*TASK DESCRIPTION*.
Would you return the data below exactly as it stands, with every picture left out?

*DATA BLOCK*.
--*--
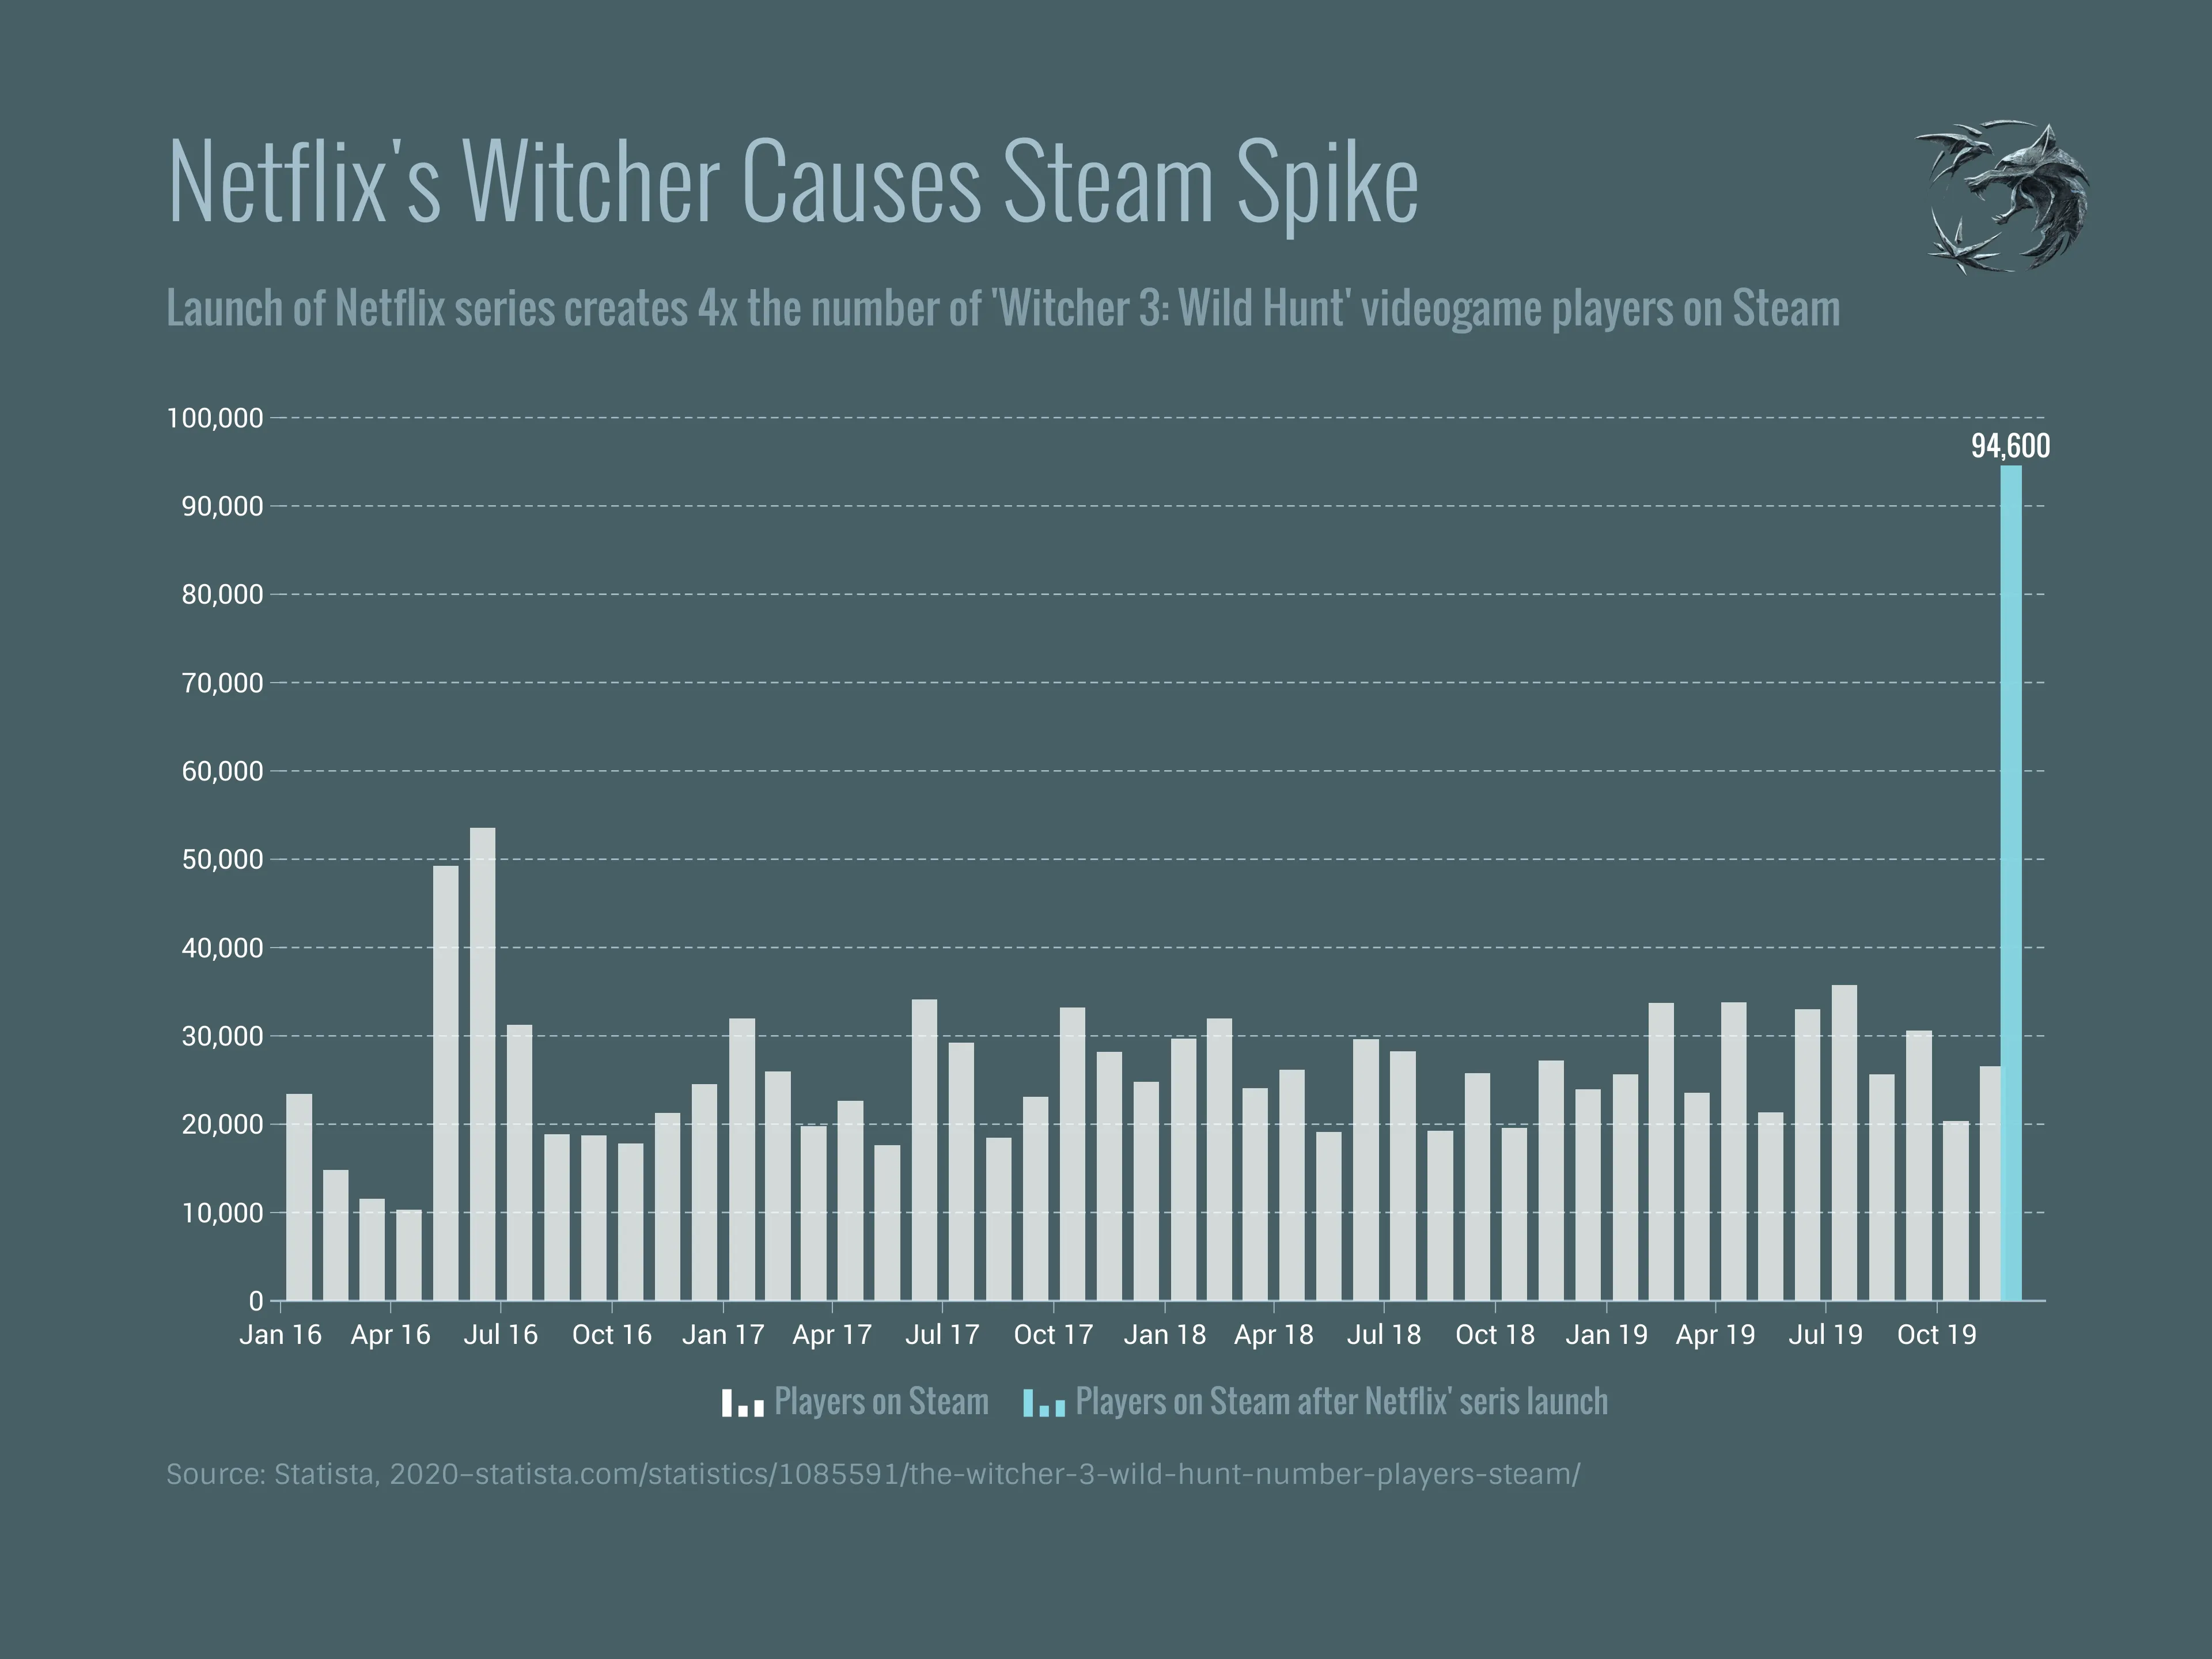 Netflix's Witcher Causes Steam Spike
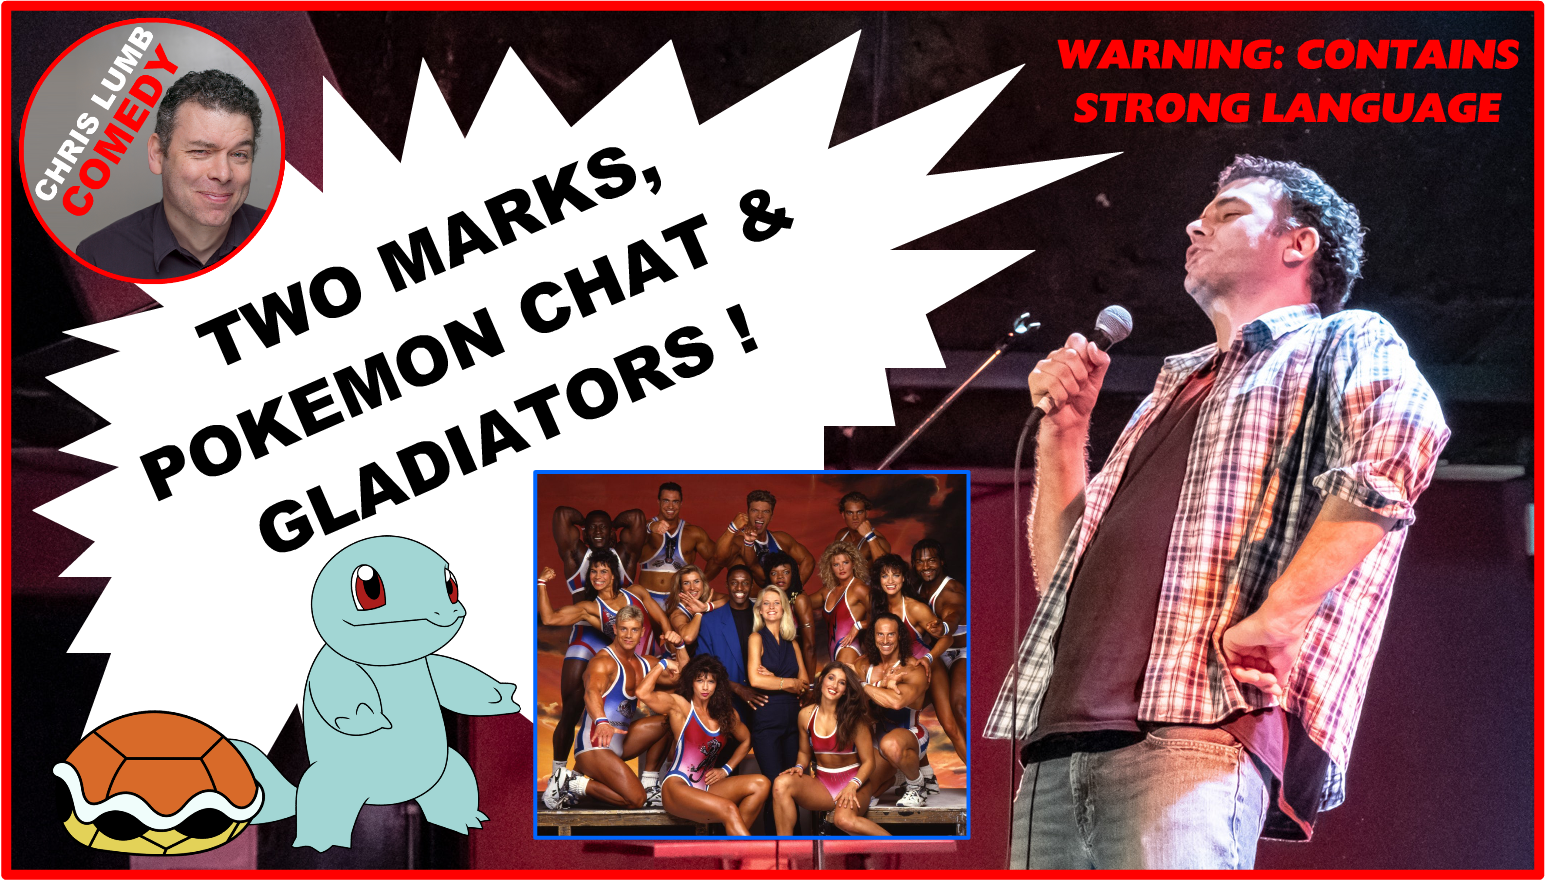 Chris Lumb Comedy "Two Marks, Pokemon and Gladiators"
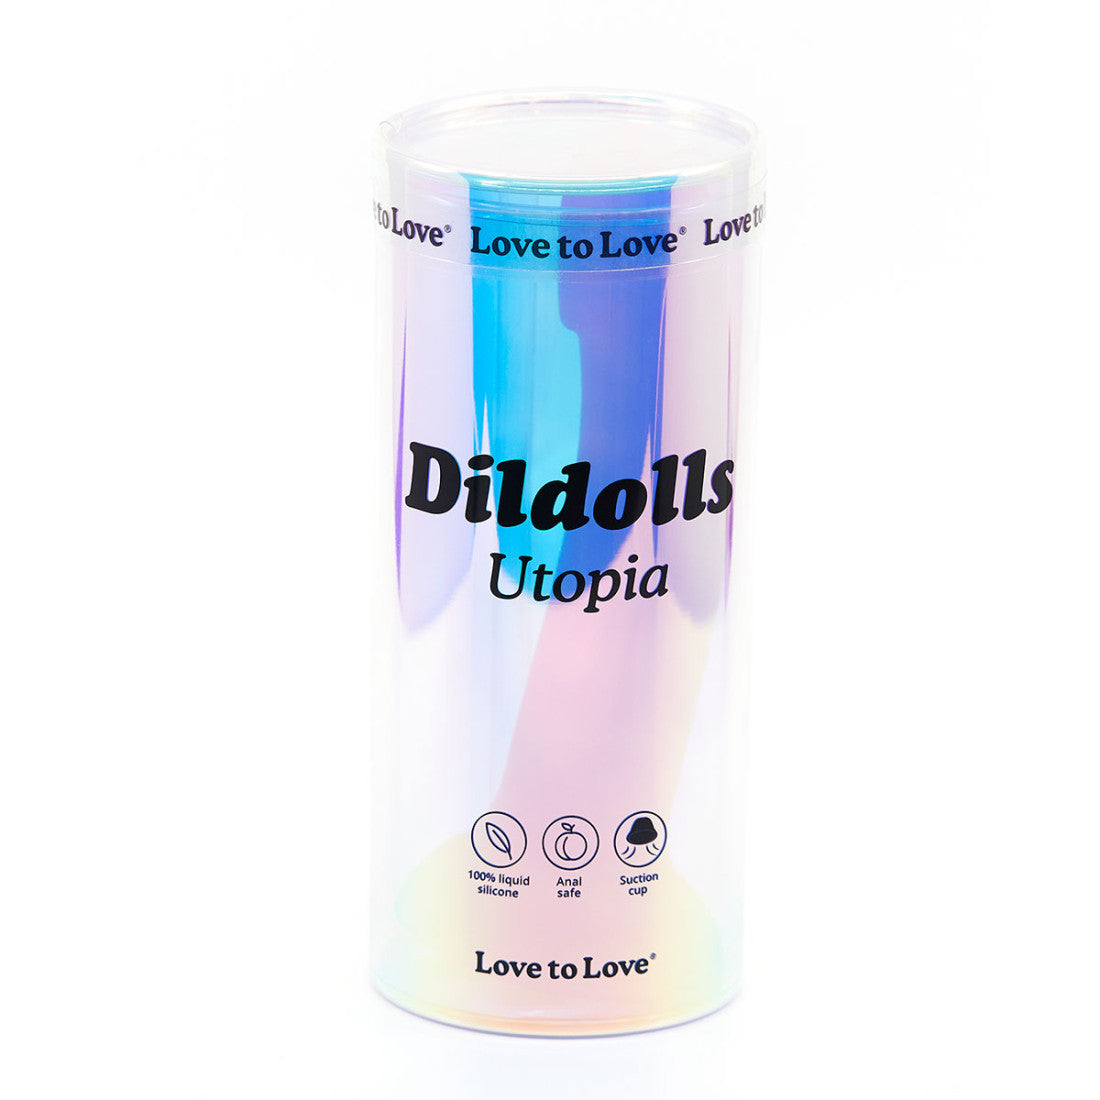 Utopia dildoll iridescent packaging
--*--
*EXERCISE SOLUTION*.
 Netflix's Witcher Causes Steam Spike
 Chris Lumb Comedy "Two Marks, Pokemon and Gladiators"
 Utopia dildoll iridescent packaging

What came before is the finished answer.